There was an invitation there if Richard had been the person to hear it, and understand it. But he was not.

It was odd, for I had believed that it was women who were the romantic ones, who cling to lies and pretty mannered courtesies. I would have given every florist’s bloom in the world to have known what was in Richard’s heart on that bright day on the top of the downs. But he would not tell me.

‘I know I do not have to love you,’ he said gently. ‘But I can tell you, I can tell you freely, that I do love you with all my heart and soul.’

He bent his dark head and kissed me again, and I felt such pity for him if he was telling the truth and such confusion about what I should do to help him that I let him kiss me. His breathing was coming faster and he was murmuring my name over and over as his lips went up and down the line of my neck from my collarbone to my ear.

I wrenched my face away from him, and I put both my hands against his shoulders and tried to push him off me. Then I saw his face, quite empty of emotion, not warm and loving nor hot with passion, but with an absolute coldness behind his eyes as he looked at me and measured me.

‘Is it the truth that you no longer want me?’ he asked. His voice was like ice.
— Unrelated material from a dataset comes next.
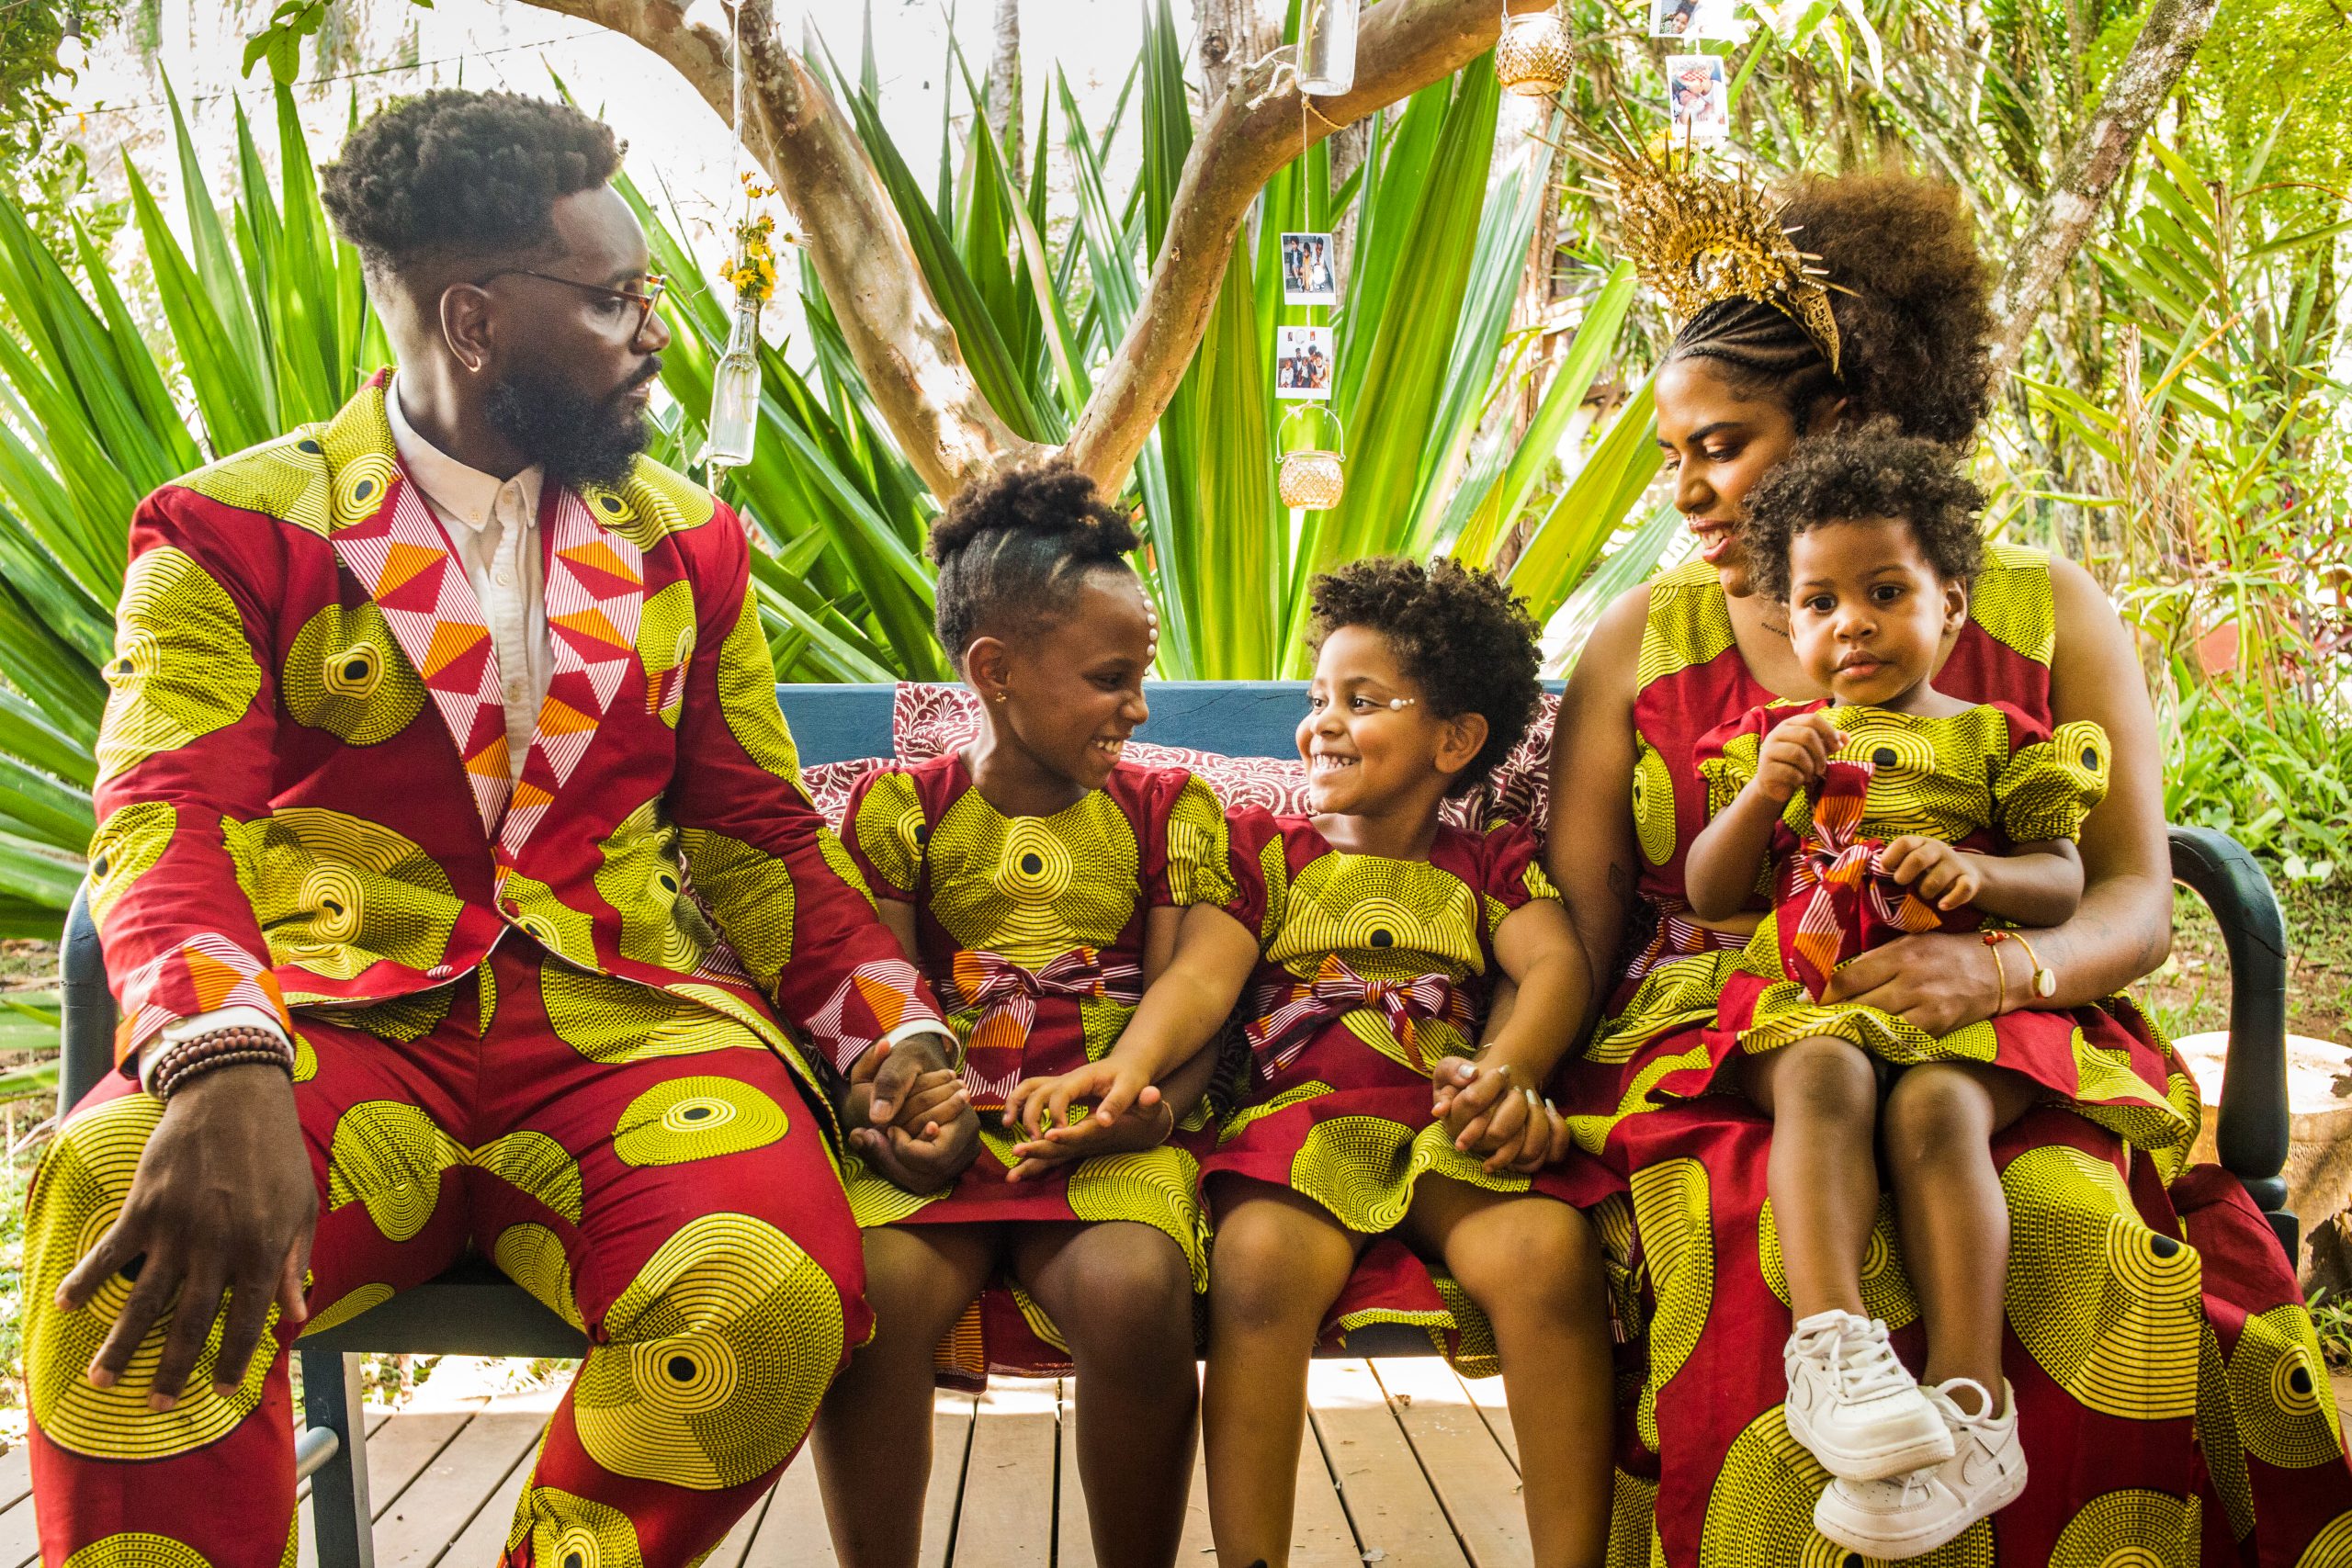 Uma família com três filhas. Os adultos e as crianças vestem a mesma estampa em vermelho e amarelo. Todos são negros

I pulled my stock up around my throat and smoothed my jacket down. My hat had come off altogether and I pinned it back on as best I could. I felt rumpled and foolish. ‘Yes,’ I said. ‘I am sorry. I am betrothed to another man and I love him as a lover. I love you as a brother and that is all.’

‘Then you are faithless and you have broken my heart!’ he cried out and spun around to Prince and vaulted up into the saddle.

‘Richard!’ I said. But he wheeled Prince around so close that the flick of his tail stung me in the face. Richard, high on his back, was scowling. He jerked Prince to face back along the way we had come and then dug his heels in hard and used his whip too. Prince threw up his head and thundered away from us. Misty sidled, anxious, and I grabbed her reins.

I did not hurry to follow. I let him go. I waited on the downs and I wept for the pain I had caused him, and that I should have been so stupid as to think that Richard could readily accept another in his place. I had never known before how much he loved me. I wept for my folly, and for the loss of that love.

I led Misty over to a hummock which I could use as a mounting-block to help me into the high saddle, and I wiped my eyes on the back of my glove and sniffed miserably. Then I turned her head for home and went slowly down the bridle-track to the foot of the downs. And there he was.

He was waiting for me, with Prince held on a short rein, standing very still at the side of the path. He was waiting for me with his sweetest smile.